Titelthema - Mehr Singen!
Die Hamburger Goldkehlchen: "70 Männer, ein Chor, keiner kann singen" – so steht es auf der Webseite der Goldkehlchen. Was sich wie ein klassisches Hamburger Understatement liest, ist eigentlich wahr. Doch mit ihrem ehrlichen Gesang, der zum Mitsingen animiert, füllen sie mühelos die Konzertsäle. © Julian Huke

Eine Ermutigung

Eckart Altenmüller01.12.2025

Vom Singen zum Verstummen

Singen befreit, Singen schafft Gemeinschaft, Singen kann glücklich machen, und Singen ist gesundheitsfördernd. Warum wird in Deutschland seit Jahrzehnten weniger gesungen? Die Ursachen dafür sind vielschichtig. Bis in die 1970er Jahre war das Singen von Volksliedern oder Wanderliedern in Familien und Schulen noch fester Bestandteil unserer Kultur.

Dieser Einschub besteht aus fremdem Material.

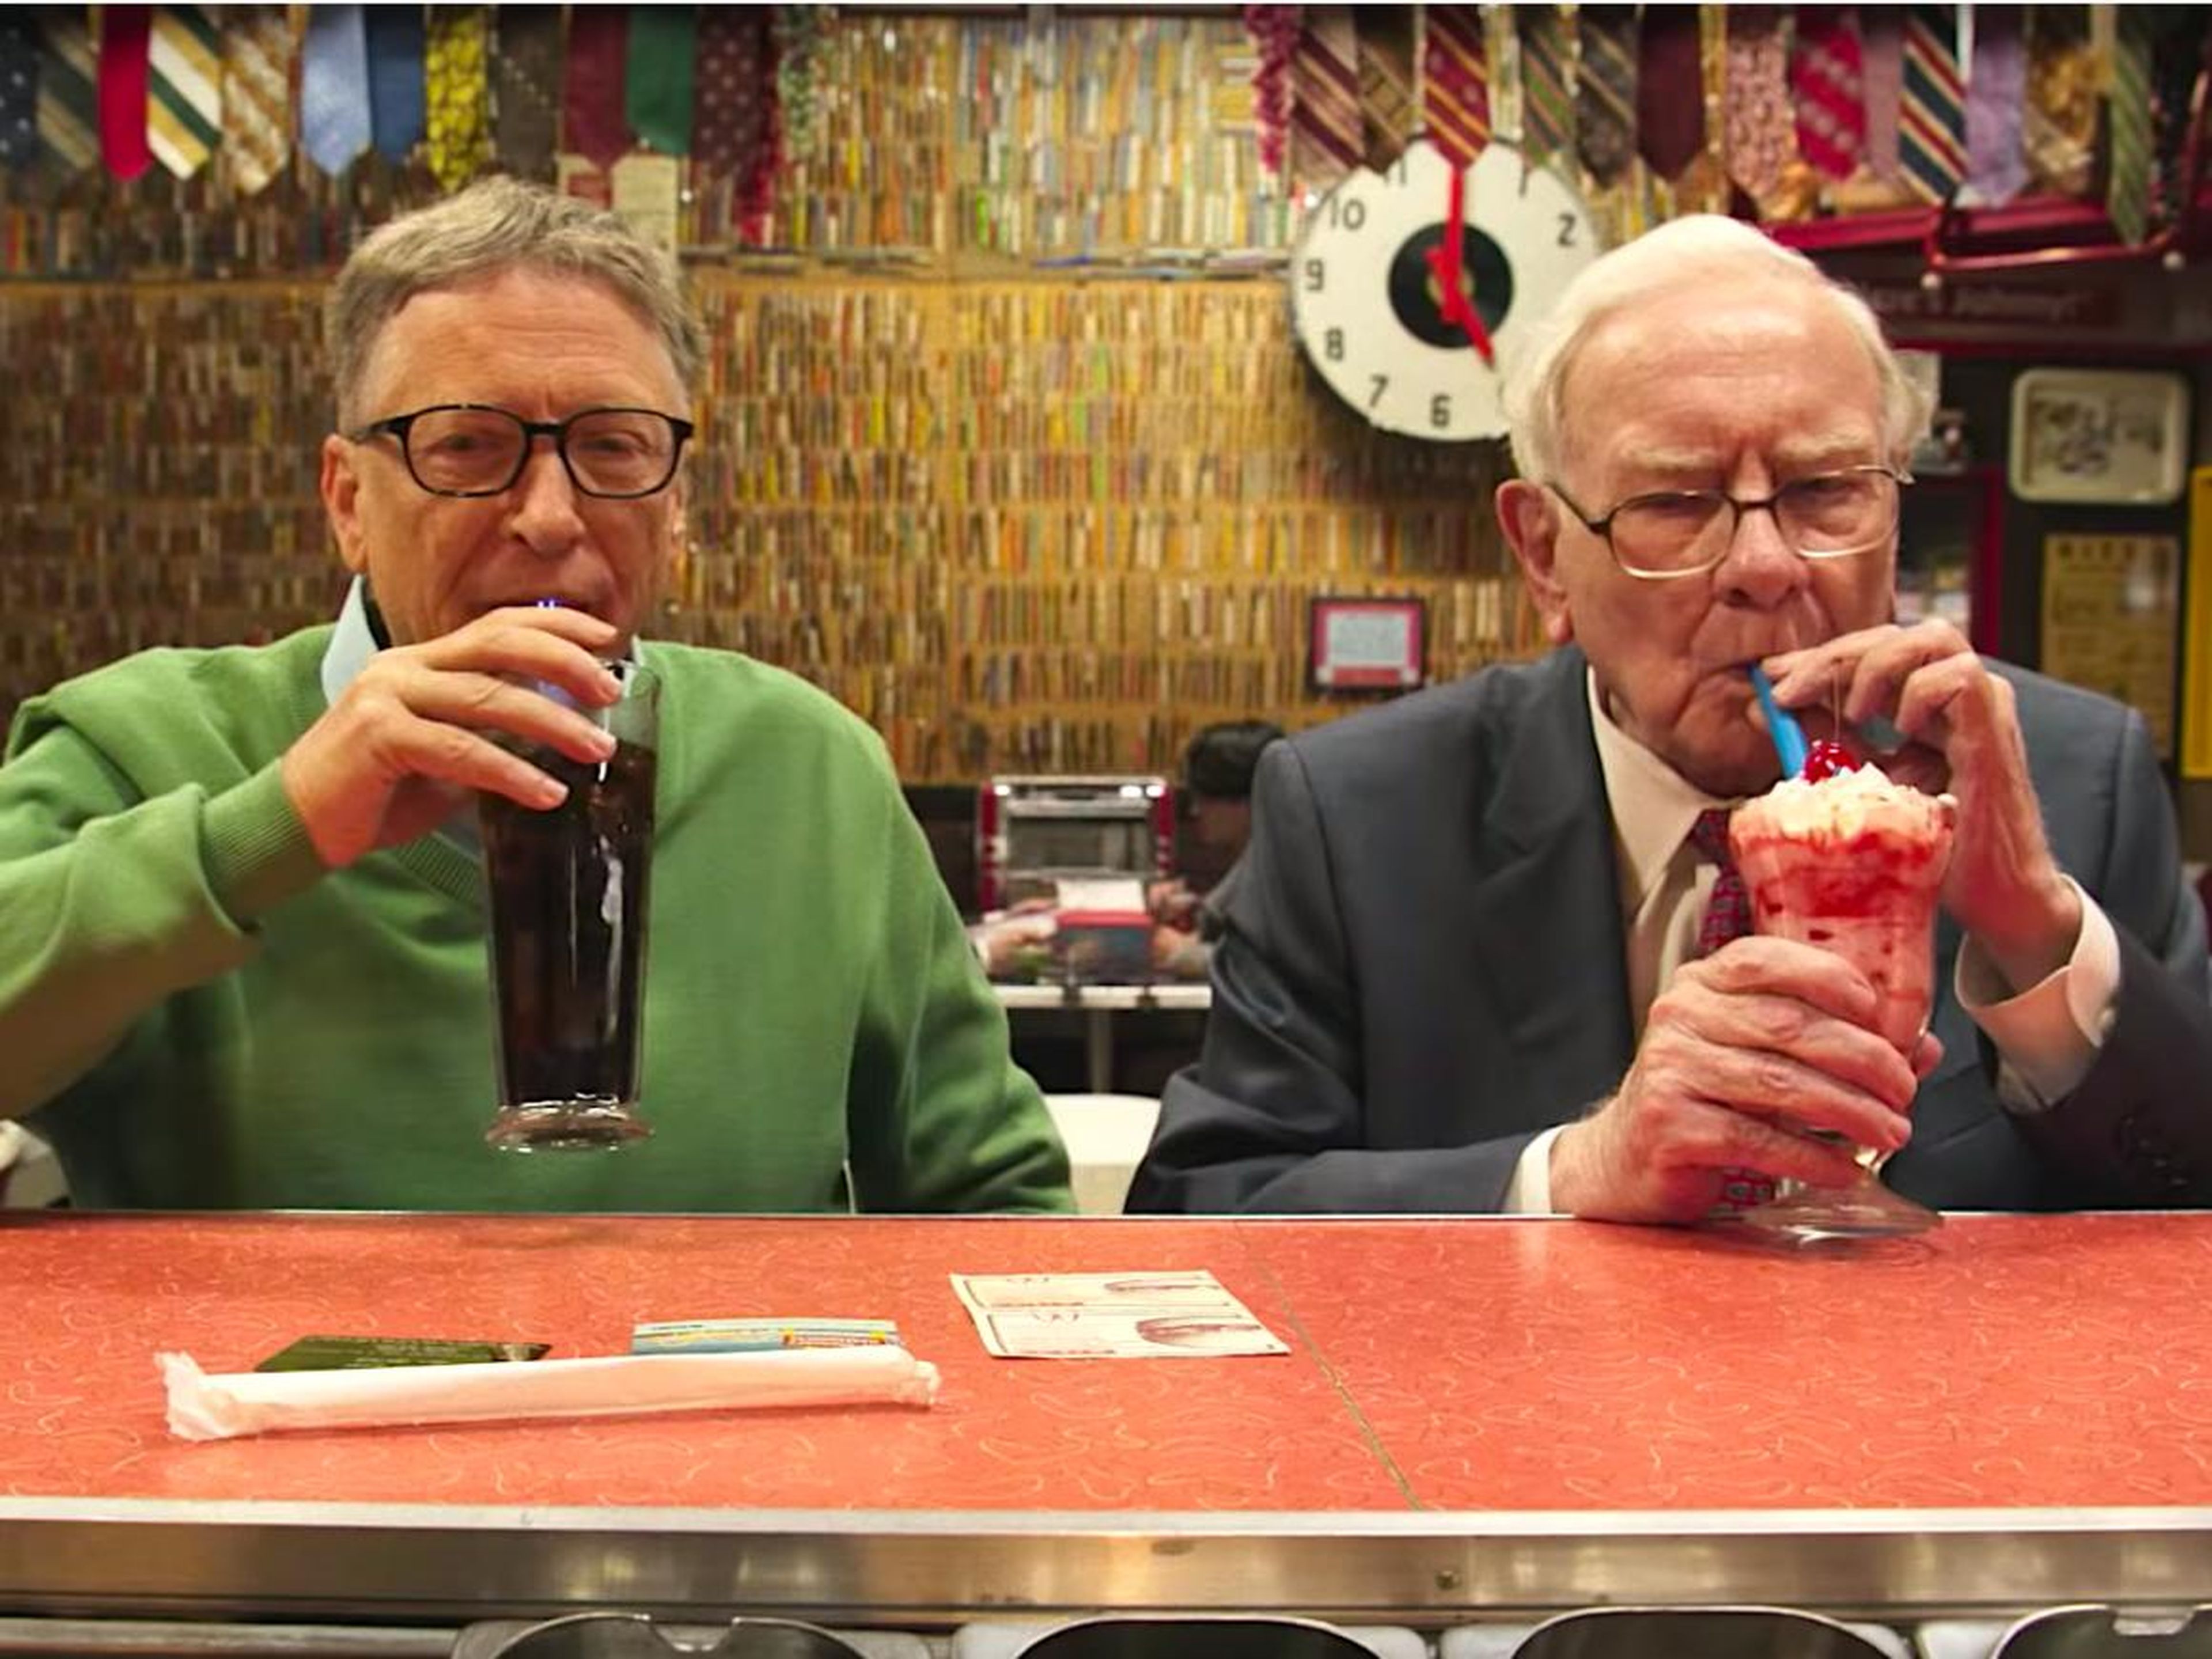 Bill Gates and Warren Buffett in a candy shop.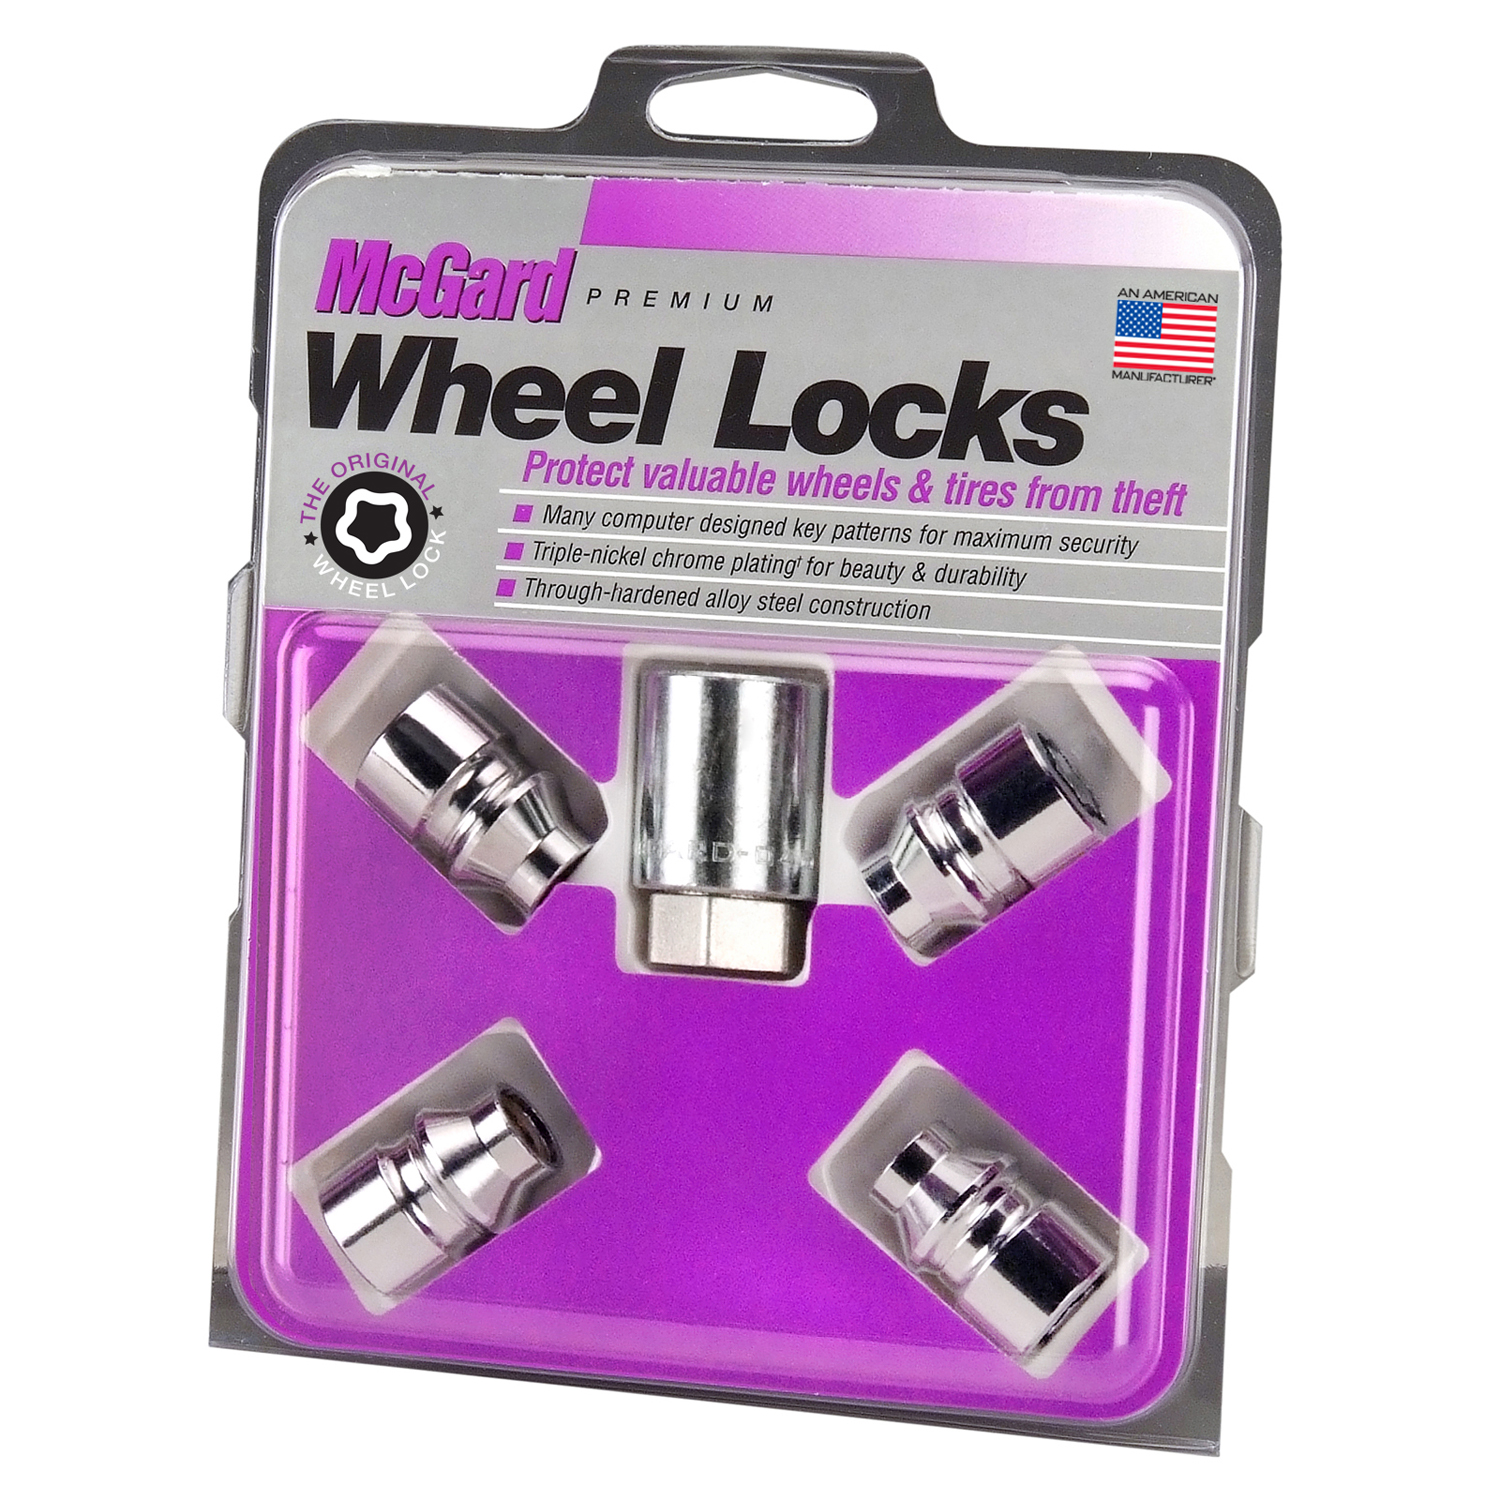 McGard Locking Wheel Nuts 12x1.5 Bolts for Ford Capri 68-87

Ab den 1980er Jahren zeigen Befragungen unter anderem des Deutschen Musikrats, dass immer weniger Menschen regelmäßig singen. Das betrifft vor allem das informelle Singen in Familien und Schulen. Aber auch der Chorverband verzeichnet trotz intensiver Bemühungen einen Rückgang der Chorsängerinnen und Chorsänger, der bereits vor Corona eingesetzt, aber unter Corona dramatische Ausmaße angenommen hat.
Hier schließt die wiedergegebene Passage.